Listing 5.9 is an example of using DOMReader. It prints SAX events directly created from an XML document by a SAX parser and also prints SAX events created from a DOM tree by DOMReader. SAXMonitor, used in this program, is a class to print SAX events to the console.

Listing 5.9 An example using DOMReader, chap05/DOM2SAX.java
package chap05;

import javax.xml.parsers.DocumentBuilder;
import javax.xml.parsers.DocumentBuilderFactory;
import org.w3c.dom.Document;
import org.xml.sax.XMLReader;
import org.xml.sax.helpers.XMLReaderFactory;

public class DOM2SAX {
   private static final String PROP_LEX
          = "http://xml.org/sax/properties/lexical-handler";
   private static final String PROP_DOM
          = "http://xml.org/sax/properties/dom-node";

   public static void main(String[] argv) {
       try {
          SAXMonitor mon = new SAXMonitor();

          System.out.println("--- SAX ---");
          XMLReader xreader = XMLReaderFactory.createXMLReader(
                 "org.apache.xerces.parsers.SAXParser");
          xreader.setContentHandler(mon);
          xreader.setProperty(PROP_LEX, mon);
          xreader.parse(argv[0]);

          System.out.println("--- DOM -> SAX ---");
          // Create namespace-aware DOM tree
          DocumentBuilderFactory factory
             = DocumentBuilderFactory.newInstance();
          factory.setNamespaceAware(true);
          DocumentBuilder builder = factory.newDocumentBuilder();
          Document doc = builder.parse(argv[0]);

          DOMReader reader = new DOMReader();
          // Register a monitor
          reader.setContentHandler(mon);
          reader.setProperty(PROP_LEX, mon);
          // Set the source DOM tree
          reader.setProperty(PROP_DOM, doc);
          // Start producing events
          reader.parse();
      } catch (Exception e) {
          e.printStackTrace();
      }
   }
 }

The following is the result of running the program.

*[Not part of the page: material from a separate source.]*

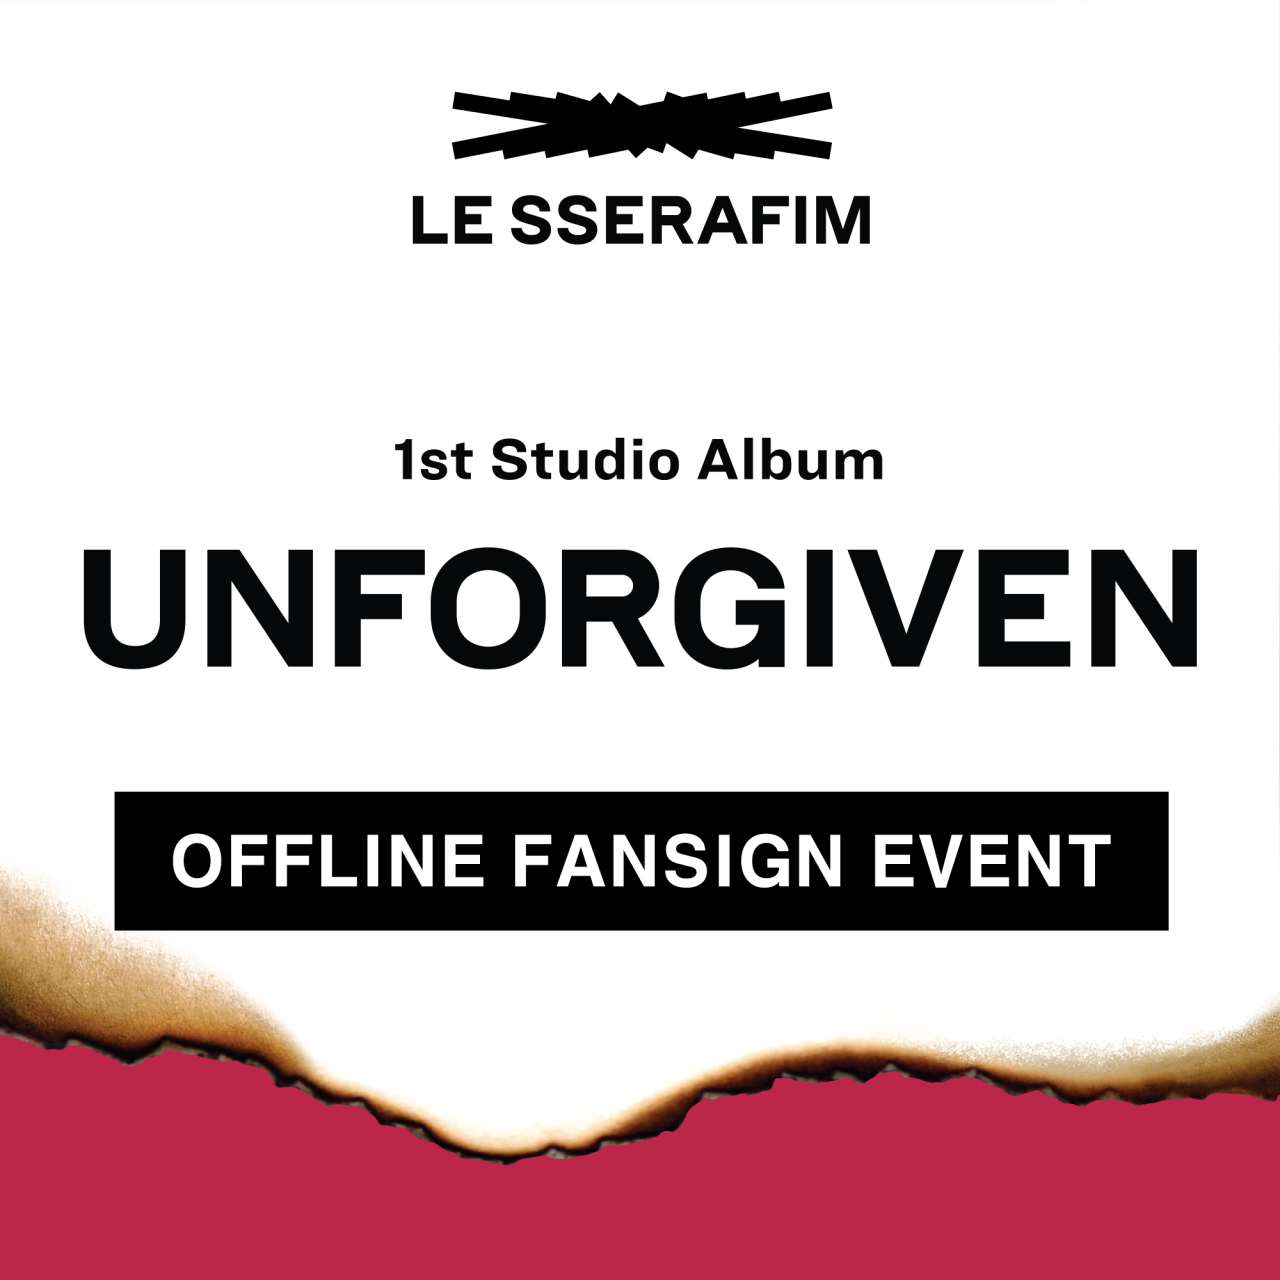 LE SSERAFIM 1st Studio Album 'UNFORGIVEN' □OFFLINE FANSIGN EVENT

R:\samples>java chap05.DOM2SAX file:./chap05/nstest.xml
--- SAX ---
setDocumentLocator: line=1 column=1
startDocument
startPrefixMapping: foo=urn:x-foo
startElement: {urn:x-foo}root (foo:root),
characters: length=3 '\n  '
startPrefixMapping: foo=urn:x-foo
startElement: {}foo2 (foo2),
endElement: foo2
endPrefixMapping: foo
characters: length=3 '\n  '
startElement: {}bar (bar), foo:id='id'
comment: <!?foo foo ?gt;
characters: length=11 '\n    aaa\n  '
endElement: bar
characters: length=3 '\n  '
processingInstruction: <?target ?>
characters: length=3 '\n  '
startCDATA: <![CDATA[
characters: length=11 '<foo></foo>'
endCDATA: ]]>
characters: length=1 '\n'
endElement: foo:root
endPrefixMapping: foo
endDocument
--- DOM -> SAX ---
startDocument
startPrefixMapping: foo=urn:x-foo
startElement: {urn:x-foo}root (foo:root),
characters: length=3 '\n  '
startPrefixMapping: foo=urn:x-foo
startElement: {}foo2 (foo2),
endElement: foo2
endPrefixMapping: foo
characters: length=3 '\n  '
startElement: {}bar (bar), foo:id='id'
comment: <!-- foo foo -->
characters: length=11 '\n    aaa\n  '
endElement: bar
characters: length=3 '\n  '
processingInstruction: <?target ?>
characters: length=3 '\n  '
startCDATA: <![CDATA[
characters: length=11 '<foo></foo>'
endCDATA: ]]>
characters: length=1 '\n'
endElement: foo:root
endPrefixMapping: foo
endDocument

The setDocumentLocater() method of the ContentHandler interface is not called because DOM nodes have no line or column information. However, apart from the events for setDocumentLocater(), the events from SAX and those from DOM-then-SAX are identical.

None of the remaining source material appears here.